We have shown that the properties of the tumor should be taken into account when developing treatment strategies. It would be of interest to predict the effect of anti-VEGF treatment when using receptor quantification and the relative secretion of VEGF isoforms for specific types of tumors. This type of analysis may provide insight as to why certain tumors respond to anti-VEGF treatment better than others. Additionally, the incorporation of tumor-specific properties is required to develop personalized medicine and identify the patient population that is best-suited for VEGF-targeted therapies [
58].
Our model of VEGF distribution is used to investigate the effect of anti-VEGF agents in targeting VEGF and inhibiting angiogenesis. An alternative or complementary view is that the anti-VEGF therapy works through vascular normalization, i.e., repairing tumor vasculature to resemble normal vessels, leading to increased pericyte coverage and increased blood perfusion, reduced interstitial pressure, and tightened endothelial cell junctions [
51]. Clinically, metastasis is reduced and the efficacy of chemo-, radiation- and immune-therapies is improved upon vessel normalization [
7]. Interestingly, our model predicts that when tumor lymphatics become functional, perhaps due to a reduction in interstitial pressure following normalization, the anti-VEGF has a more potent therapeutic effect. Similarly, it would be of interest to incorporate the dynamic effects of vascular normalization on macromolecular permeability, which is reduced following normalization, in order to understand how this influences the response to anti-VEGF therapy. Vascular normalization is a transient response, characterized by an optimal time window after which the normalized features of the tumor vasculature are lost, possibly due to prolonged anti-VEGF treatment or development of a resistance to treatment [
7,
51,
59]. Our current model predicts that tumor VEGF is immediately reduced following anti-VEGF treatment and then rebounds to a new pseudo-steady state below pre-treatment levels within 7 days. The time it takes for tumor VEGF to rebound may correspond to the normalization window. Therefore, our model can be used to explore how the duration of the normalization window depends on systemic and drug parameters and tumor properties.
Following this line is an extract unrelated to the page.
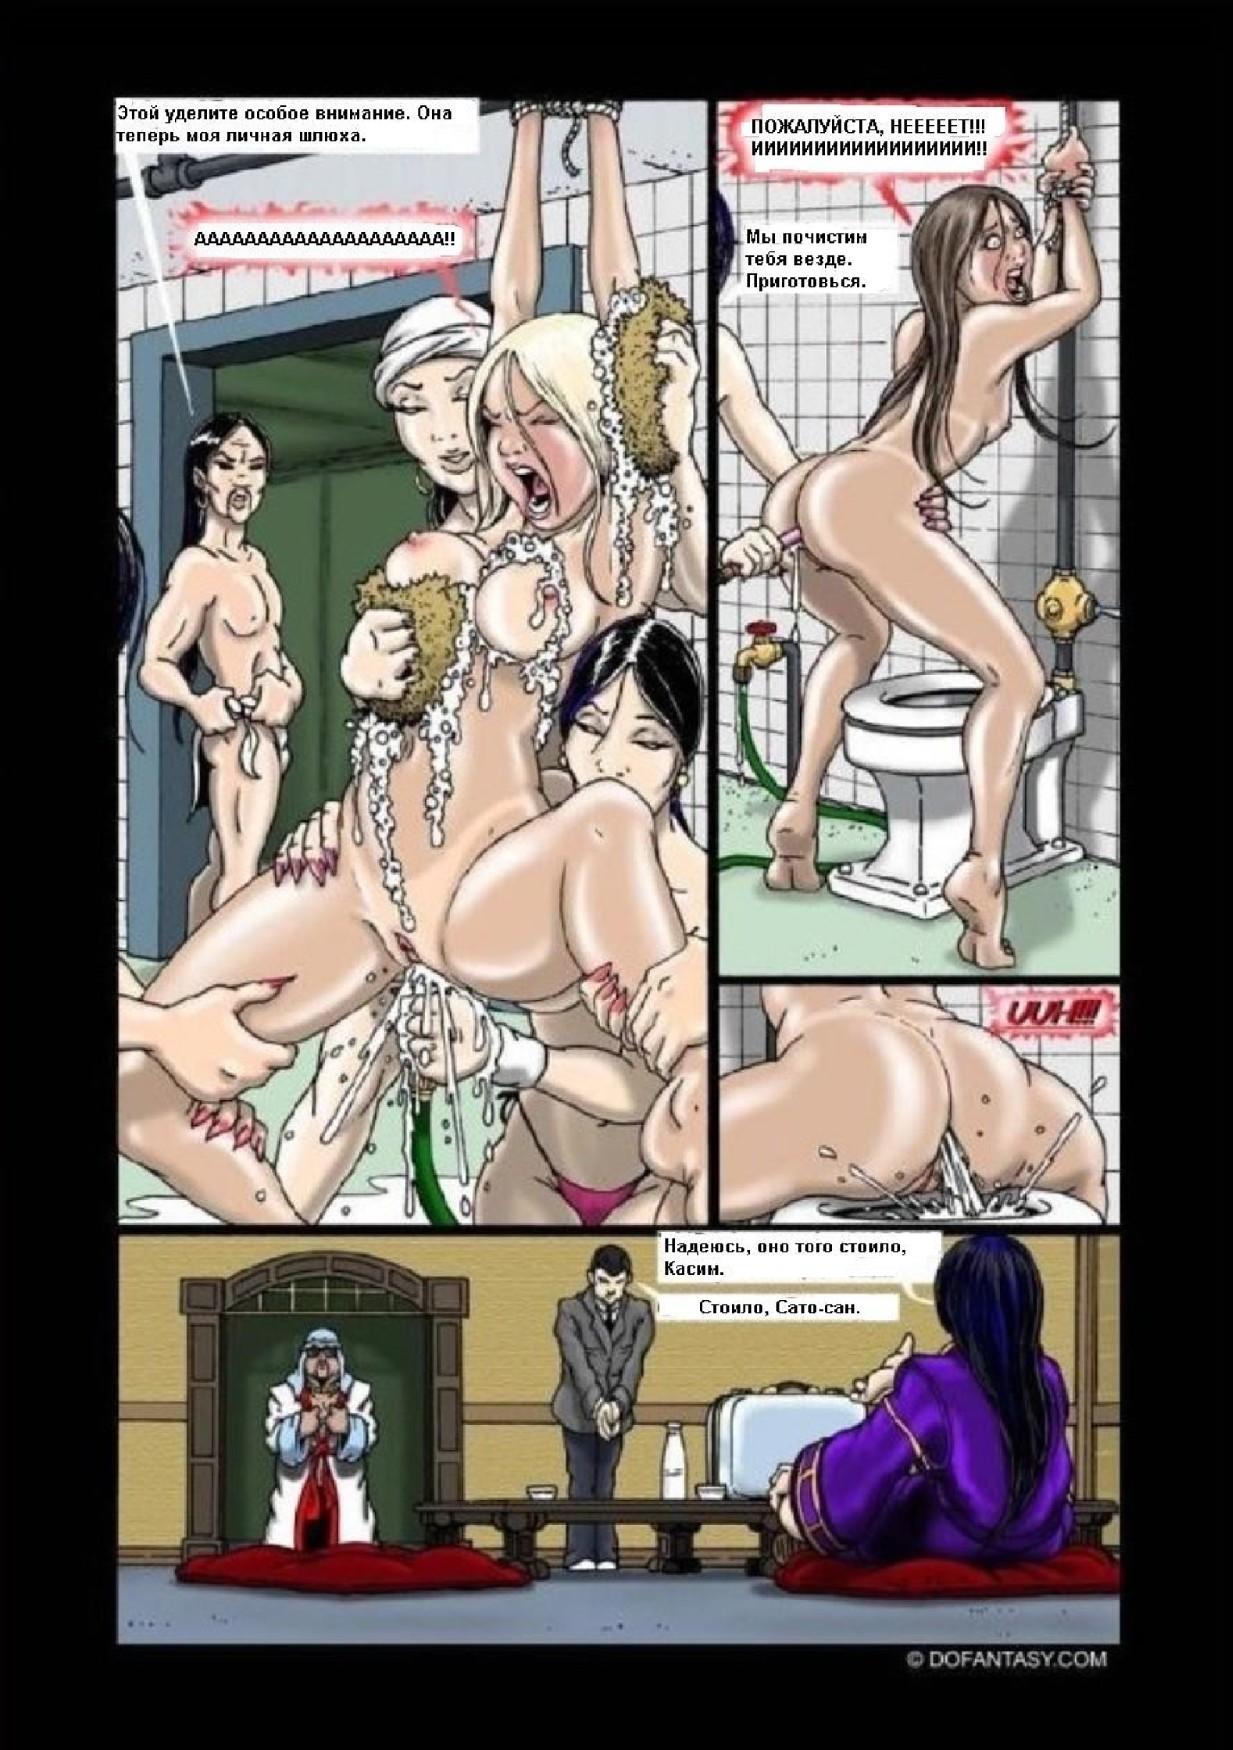 yaponskie-eroticheskie-komiksi

Several assumptions influence the model predictions and should be re-evaluated as quantitative experimental data become available. We have assumed equal distribution of receptors on the luminal and abluminal surface of endothelial cells. Previous work predicts that quantification of luminal and abluminal receptors influences VEGF distribution in the body [
34]. We have assumed that the total number of receptors is conserved; however receptor expression is a dynamic process and the cell-surface receptor density might depend on VEGF concentration among other factors [
31]. Additionally, the administration of an anti-VEGF agent may affect receptor expression over days and weeks, the time scale investigated in the present study. Therefore, incorporating receptor dynamics and quantifying the effect of anti-VEGF therapy on receptor density would better reflect biological conditions. Anti-VEGF therapies influence the tumor vasculature and may also have anti-tumor effects leading to tumor growth inhibition. However, we have assumed that the size of the tumor remains constant throughout the model simulation. It would be of interest to incorporate a function for tumor growth and/or regression as a function of time. Lastly, the effects of platelet content or the ability of platelets to secrete and sequester angiogenic proteins has not been addressed. Since degranulation of platelets is a source of VEGF and platelets have been shown to sequester the VEGF antibody bevacizumab [
60], it is important to add platelets to the model.